All of this yielded nothing. In all fifty states, there were hundreds of John Doe birth certificates for abandoned babies who would now be men somewhere between thirty and forty years of age. The John Doe they were looking for could be any of them. Or none of them. If that was even his birth name.

 

The face of the John Doe they were looking for matched none on any U.S. driver’s license, nor in any mug shot, local, state or federal. There was nothing to tie him to the Social Security card, bank account, credit cards, telephone or utility bill, Internet address, email account or Facebook page of any of the hundreds of John Does across the country. In fact, by every modern method of identifying and tracking more than three hundred million Americans, John Doe simply did not exist. He had come out of nowhere. And, it seemed, to nowhere he had returned.

 

* * *

 

As terrifying as my encounter with Leland Elliott’s men was, it was almost as frightening to go back to where it happened. I called one of my drinking buddies at Pilot House and he picked me up at the hospital and took me home. I gave him the same story I’d given Andy Stevens and he seemed to buy, though I didn’t much care.
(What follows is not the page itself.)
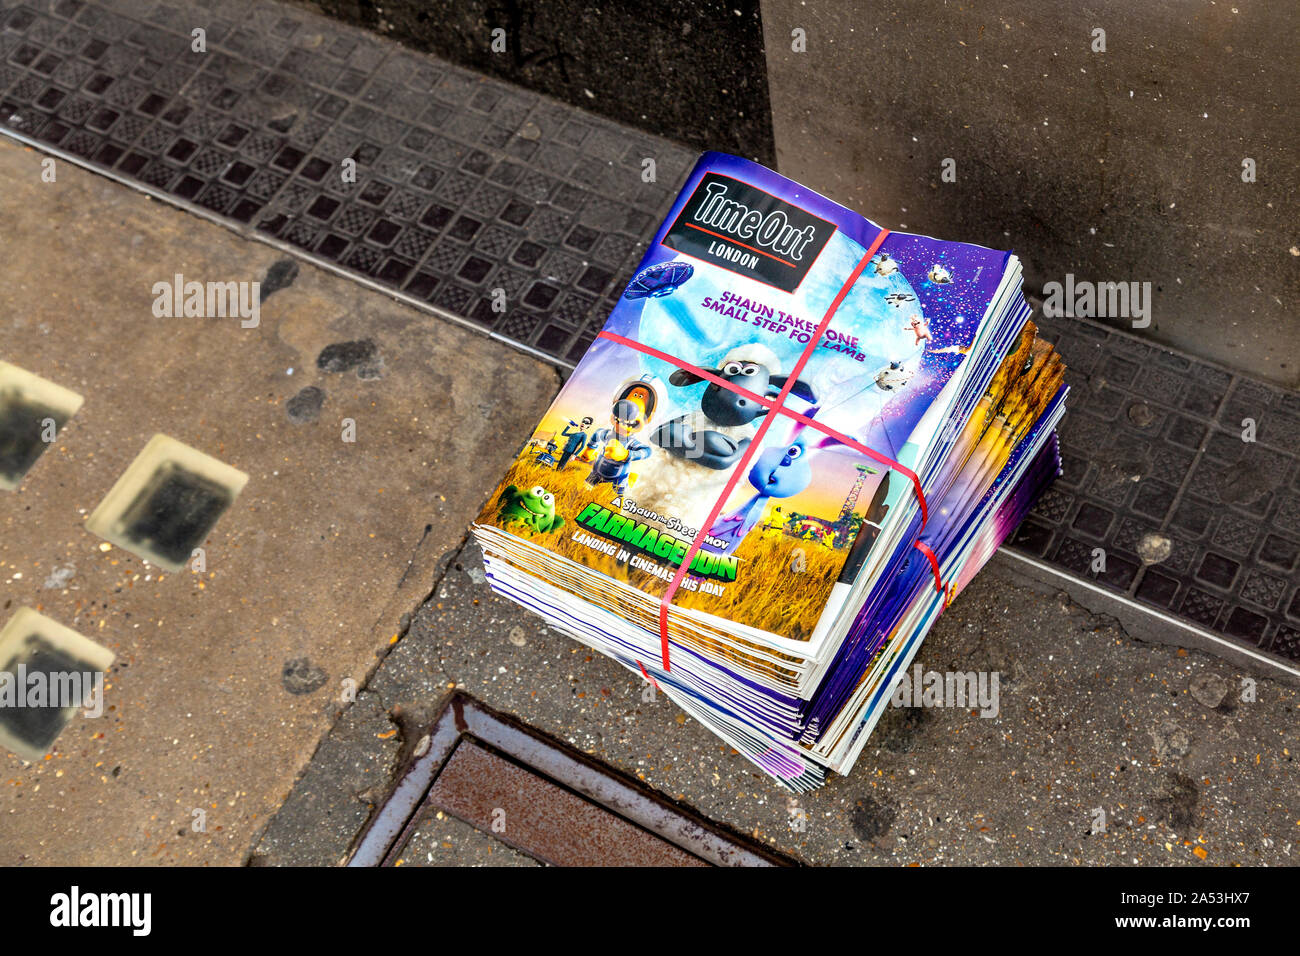 Une pile de magazines Londres TimeOut libre sur le terrain, London, UK Banque D'Images
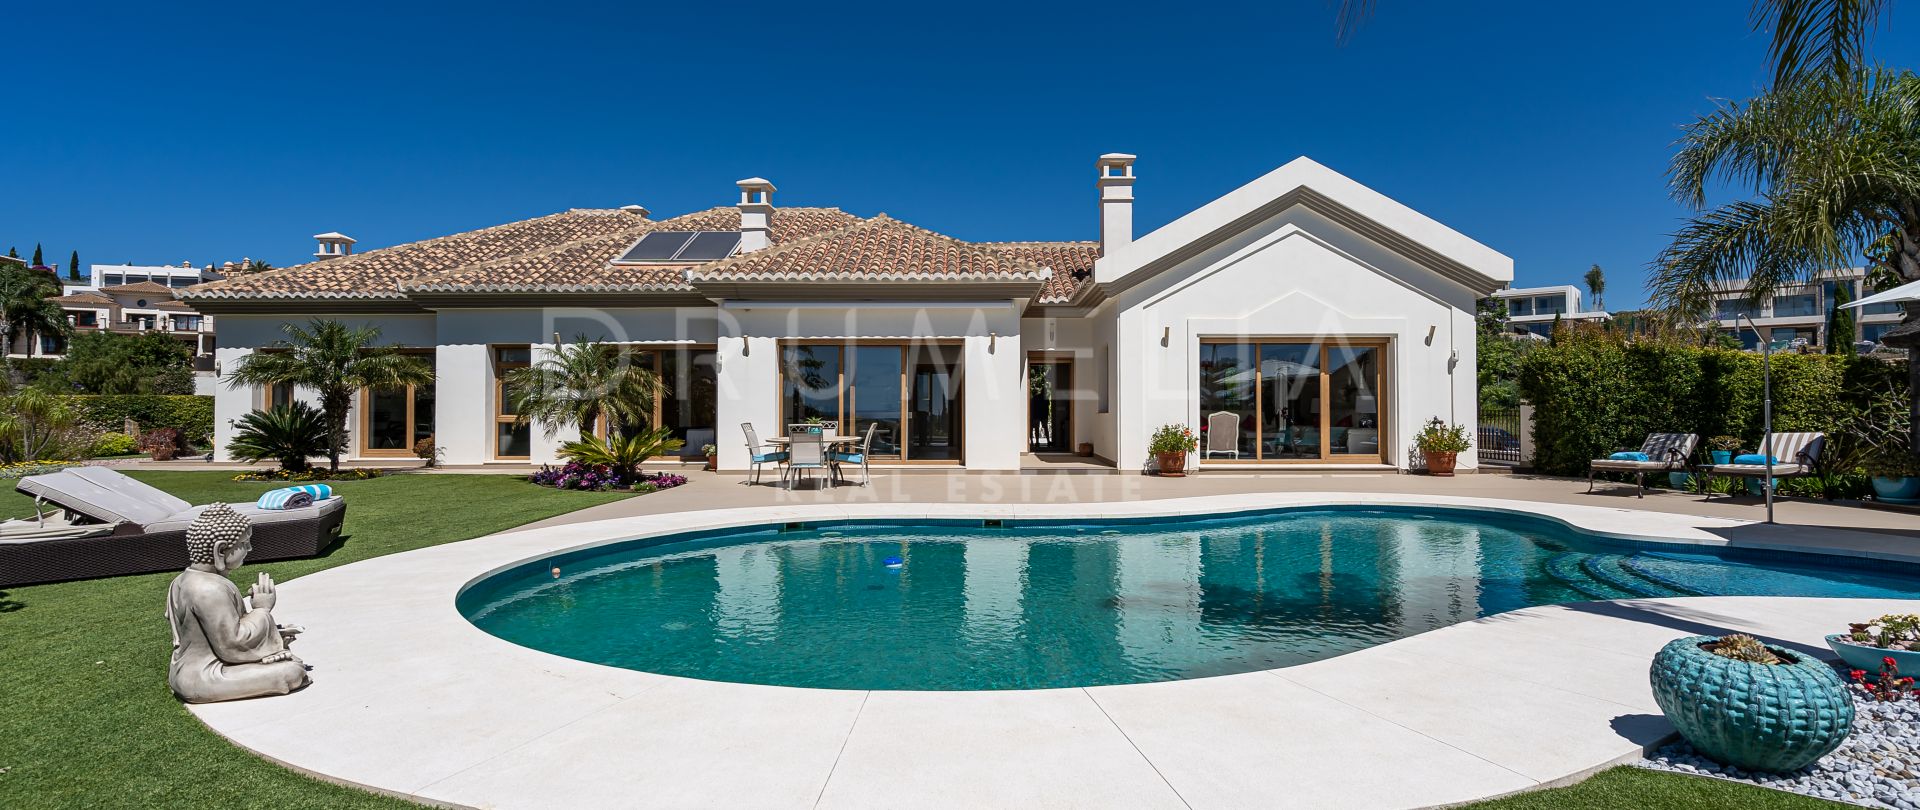 Charmig villa i andalusisk stil med klassisk modern inredning och havsutsikt, Los Flamingos,Benahavis

After he dropped me off I stood at the front door, waiting until he left, trying to work up the courage to go in.

 

My heart was pounding when I put the key into the lock. What would I find inside? A pair of decaying bodies in a sea of dried blood? Another team of Leland Elliott’s thugs? A note from my rescuer explaining what had happened? Any sign at all that I’d been attacked and mutilated just thirty-six hours earlier?

 

I steeled myself and stepped across the threshold. The house was immaculate. There were no bodies, no blood. The table and terrazzo floor had been wiped clean. My office had been straightened up, desk chair put back. I went through the rest of the house, going from room to room, muscles tensed, like a man walking through a field of poisonous snakes. I checked the closets and under the bed, checked under the couch. Checked the pantry and the laundry room, pushed back the shower curtains. Nothing. It was as if nothing had ever happened.